Congress set to debate alliances
The Congress is speaking in different voices on the issue of alliance ahead of the “chintan shivir” being held in Jaipur on January 18 and 19.
The party, which has been leading a coalition government at the Centre since 2004, has never been comfortable with this very concept.
In fact, a senior heavyweight of the Congress party on Saturday asked why do regional parties fight Lok Sabha elections when they do not have national programmes, national vision and national organisational structure.
Asked does it mean that there would be no United Progressive Alliance (UPA)-3, he asked why not?
The issue of alliance would certainly be discussed in the party’s brain storming session.
There is a growing realisation in the Congress that regional parties in the UPA and supporting it from outside are the main hurdles in its attempts to regain lost grounds. The Congress party has not been gaining in Uttar Pradesh, Bihar, Tamil Nadu, West Bengal with or without alliances. The Congress may be wanting alliances on its term without compromising secularism but it has not helped it at the ground level, insiders conceded.

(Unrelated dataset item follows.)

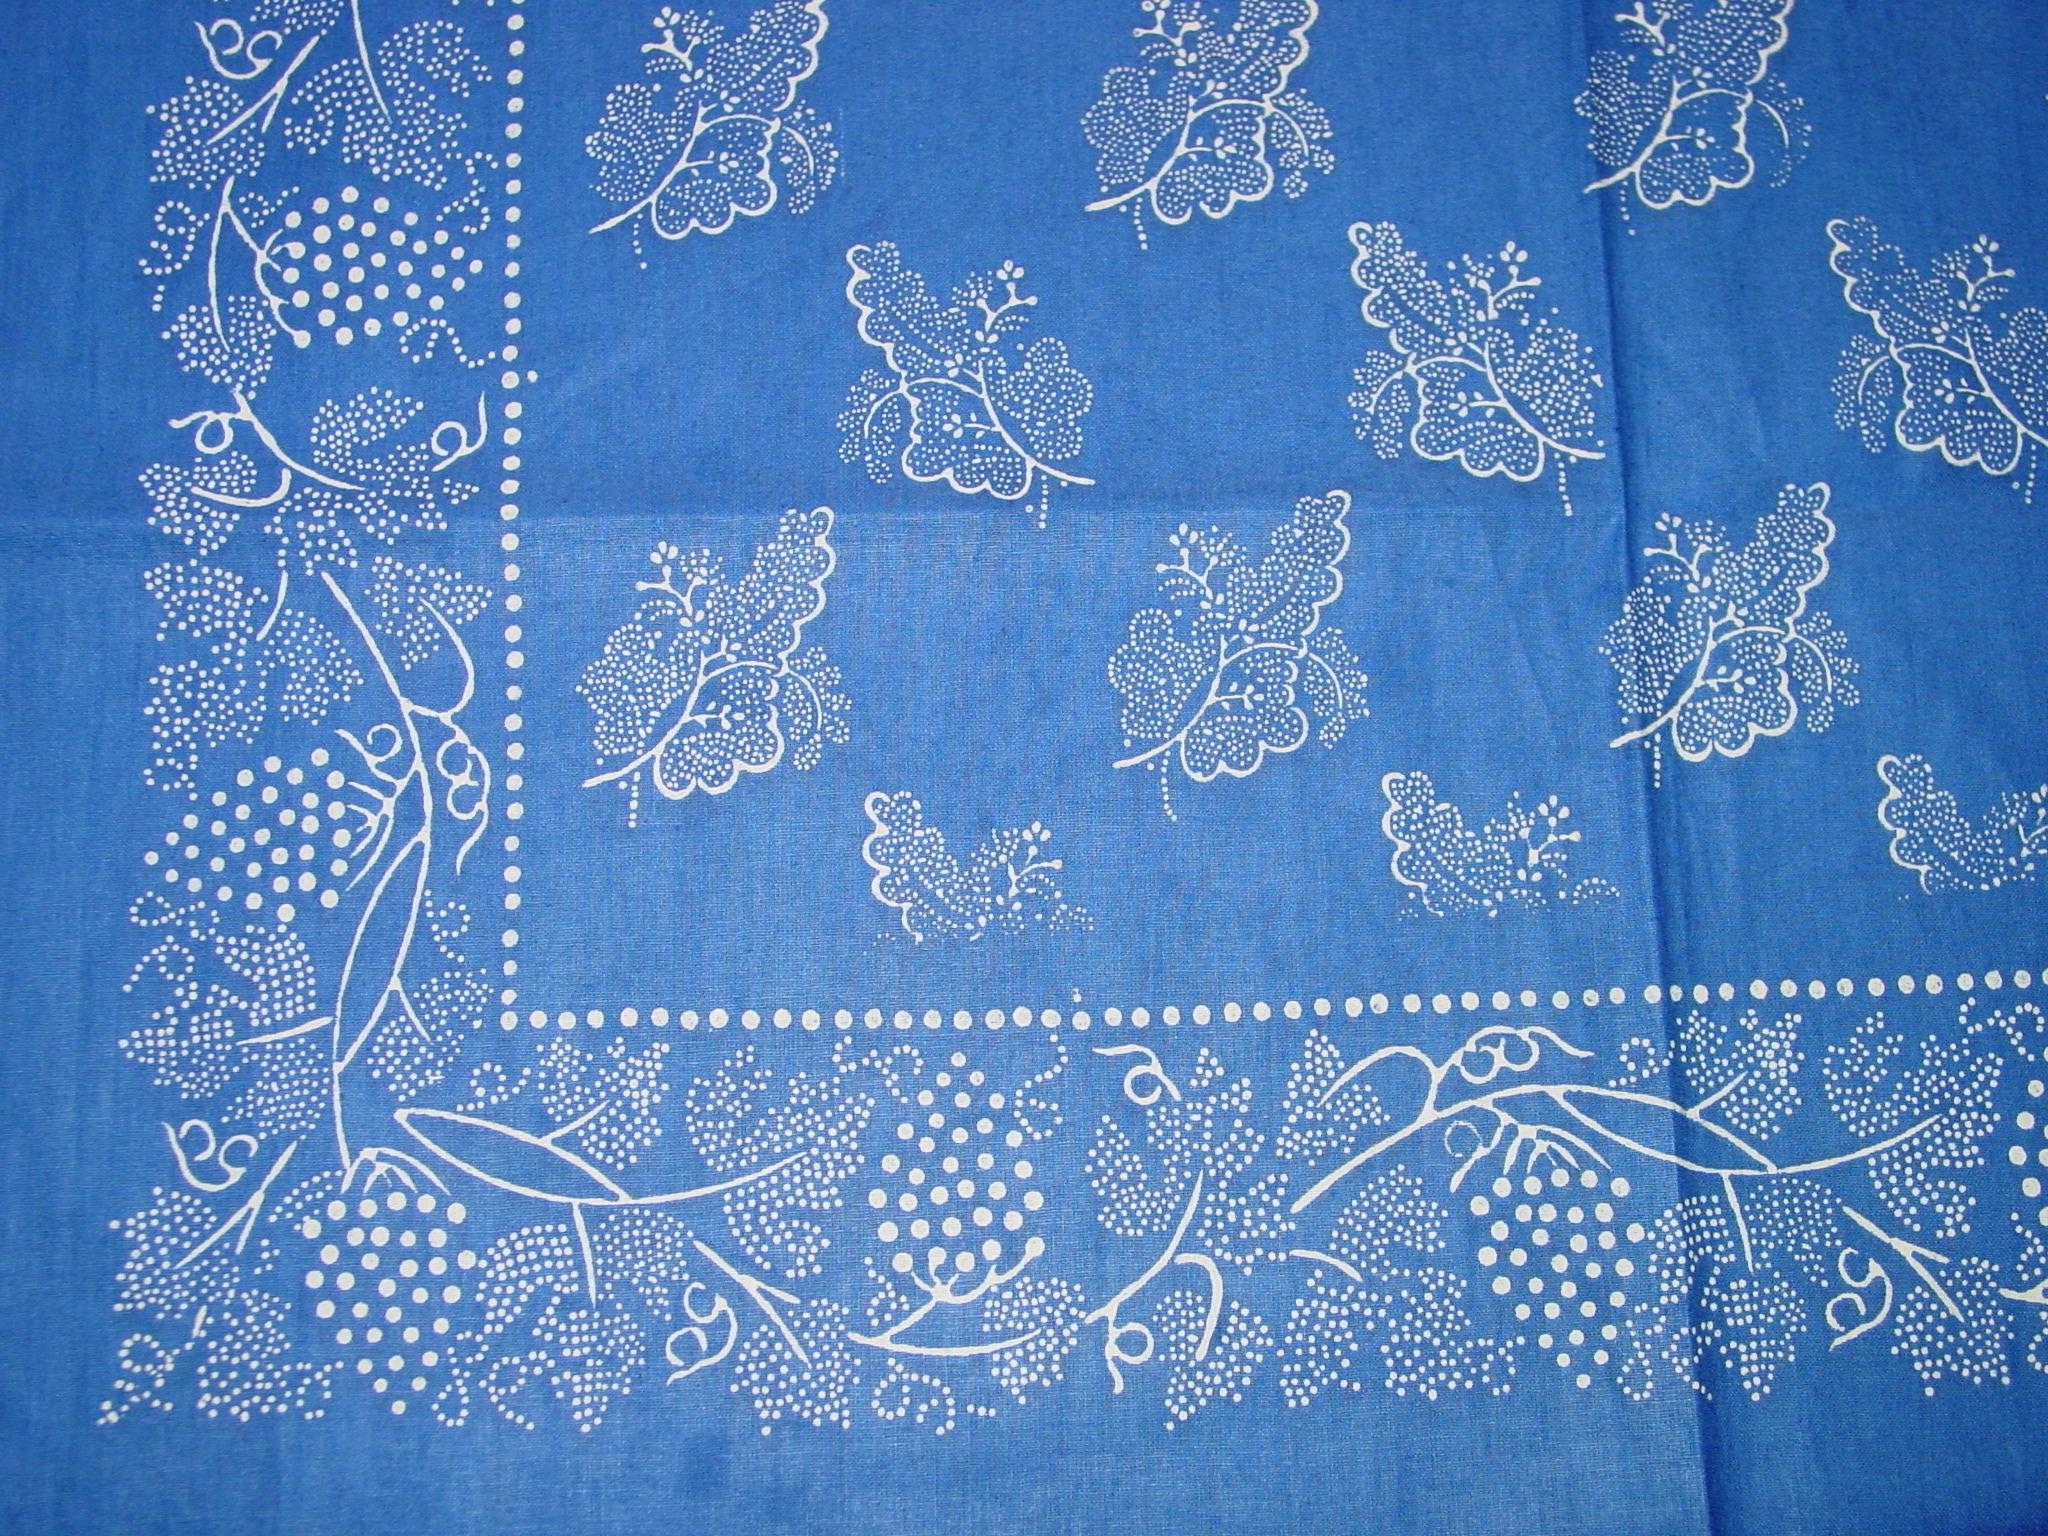 Blaudruck - Deckchen 6124-1214

This issue had also dominated in the “Vichar Manthan Shivir” held at Panchmarhi and Shimla in 1998 and 2003 respectively. If the UPA-1 was the Congress’ strategy to unseat the BJP-led NDA from power in 2004, the UPA 2 was a sort of compulsion. The Congress had modified its line on alliance in the 2009 Lok Sabha elections by confining it to states. In the UPA-1, the Left parties were its friend outside West Bengal, Kerala and Tripura and the Congress had even left some seats for them. The Left had supported the UPA government from outside till 2008 on the common minimum programme. But in the UPA -2, the scene had changed with the Left, the RJD, LJP, MDMK, PMK, and TRS fielding candidates against it.